• [Task details]
In the listing below, locate the line that contains "Bandit 30.11.2018" and the line that contains "NASDAQ заплатит $10". Restate word for word those two lines and every line between them, and nothing else.

• [Available records]
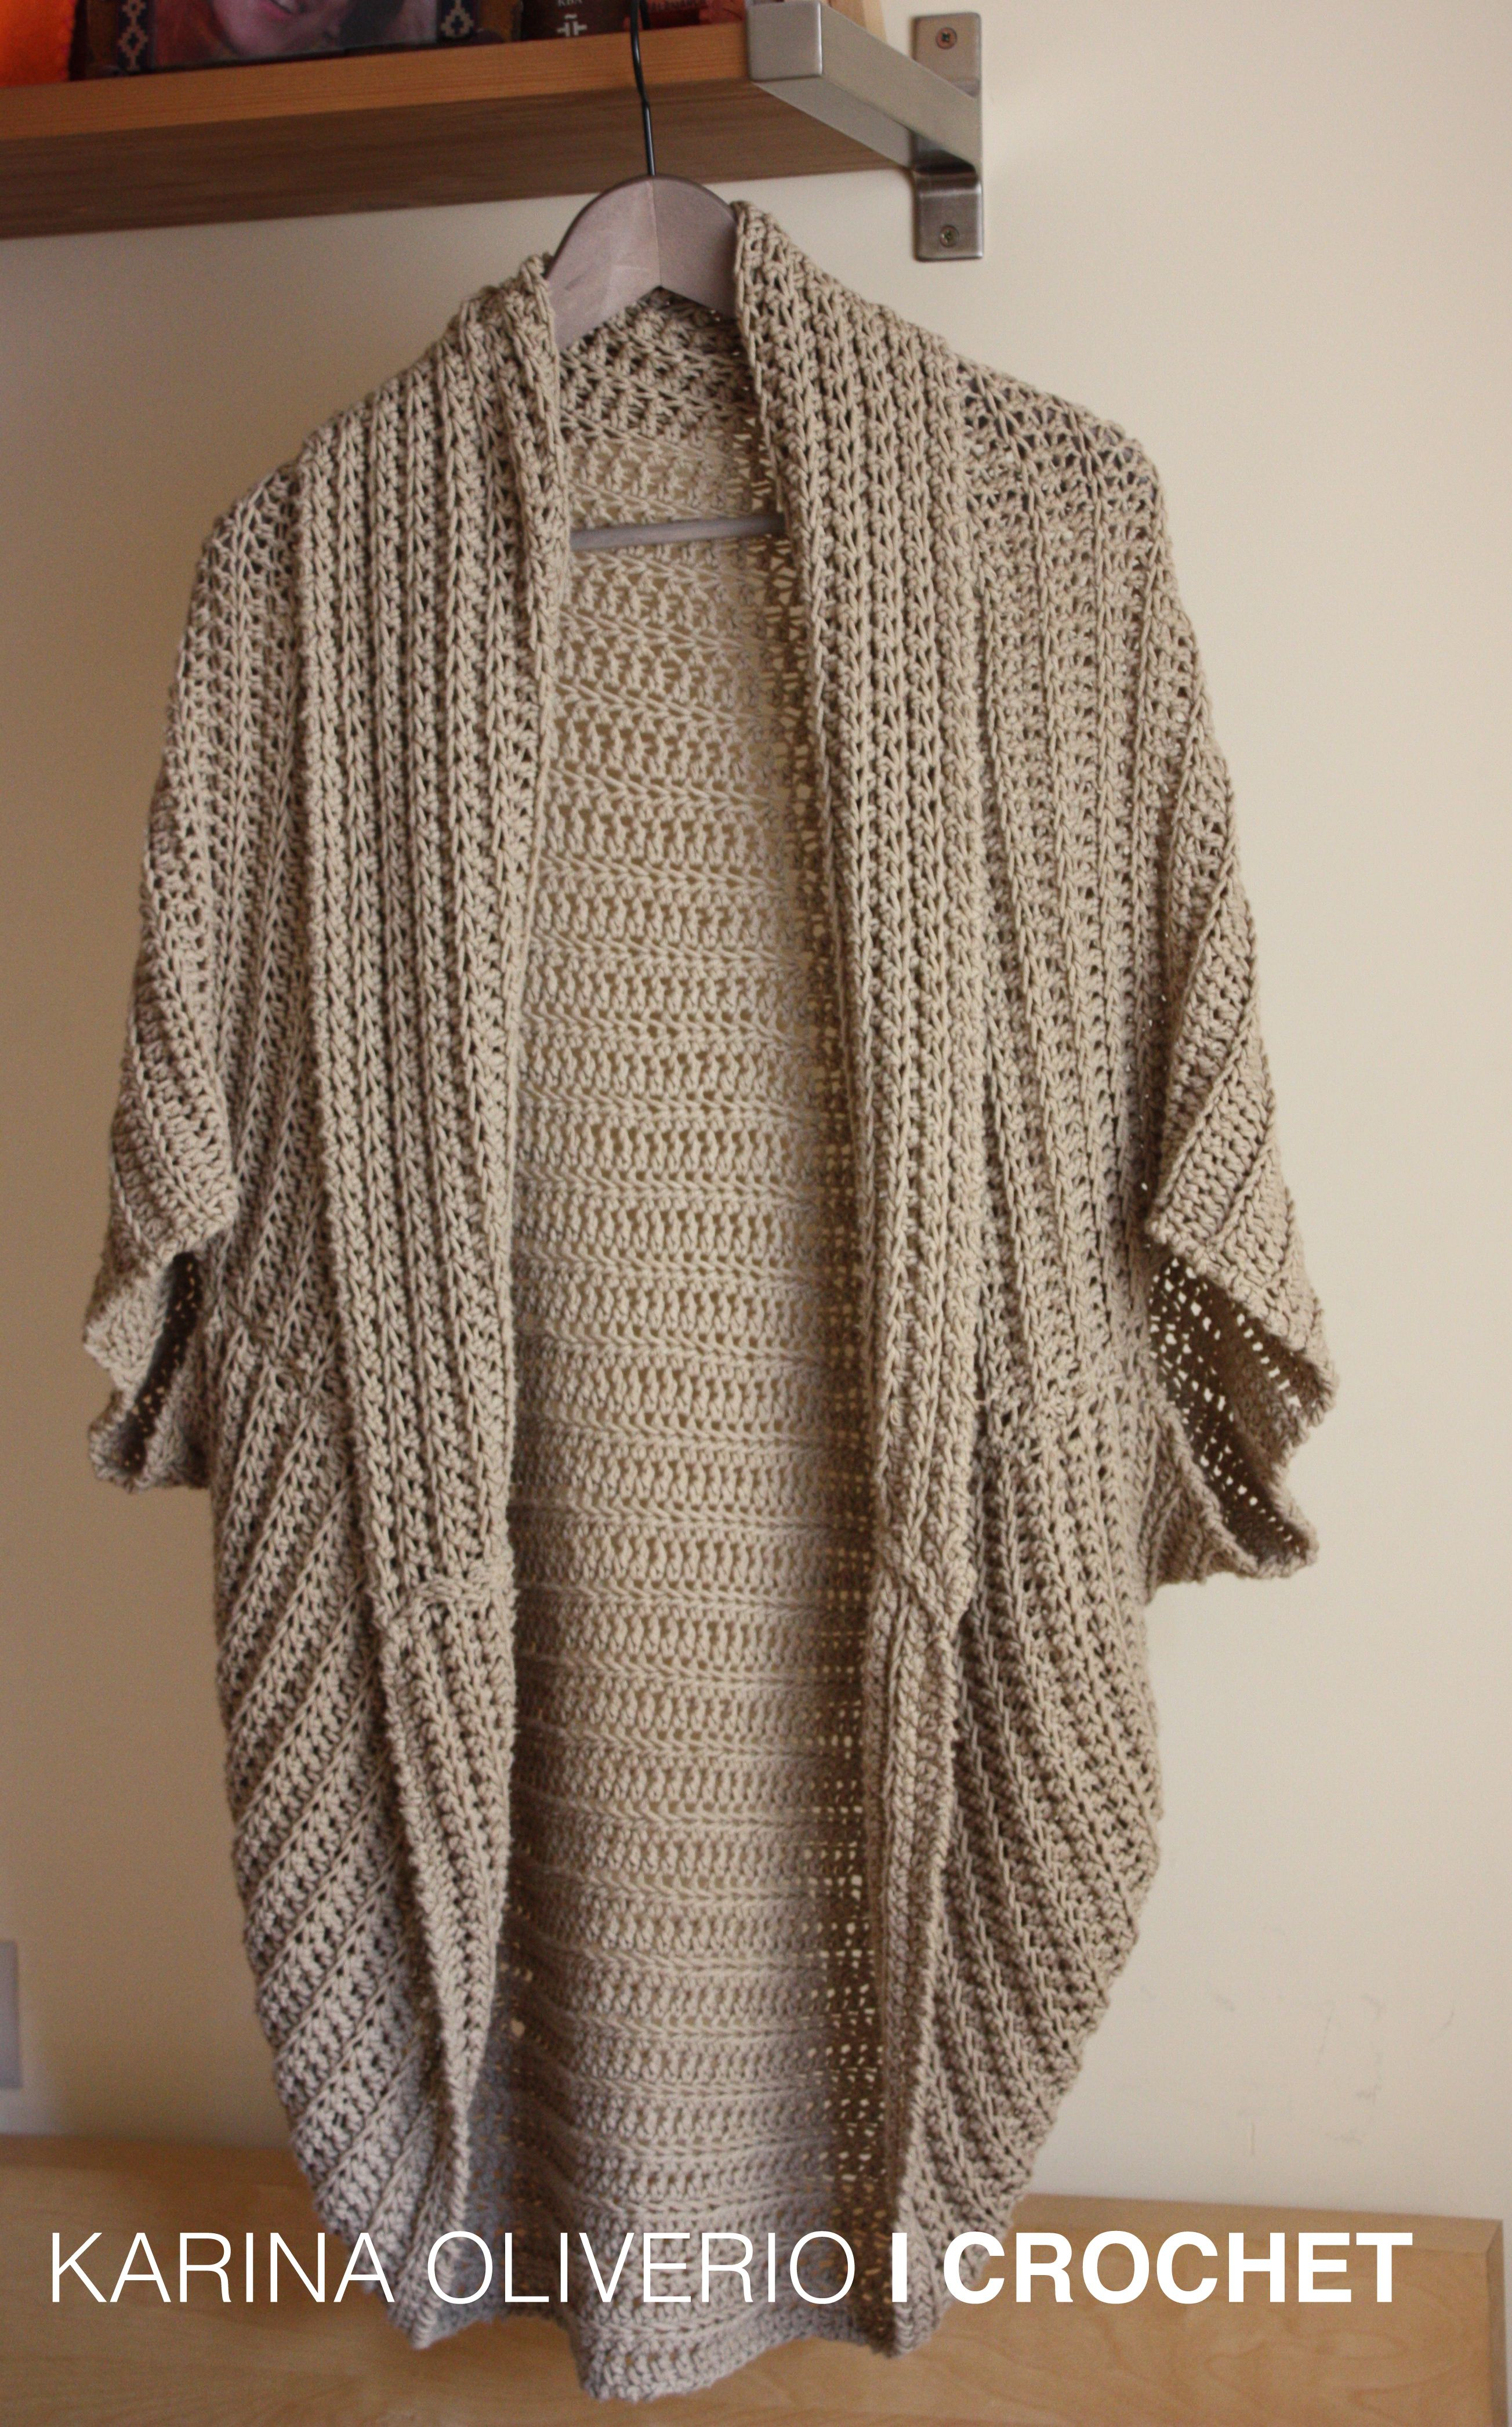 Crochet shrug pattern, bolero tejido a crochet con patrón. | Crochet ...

---

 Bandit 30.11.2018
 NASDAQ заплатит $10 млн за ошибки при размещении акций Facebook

• [Response]
 Bandit 30.11.2018
 NASDAQ заплатит $10 млн за ошибки при размещении акций Facebook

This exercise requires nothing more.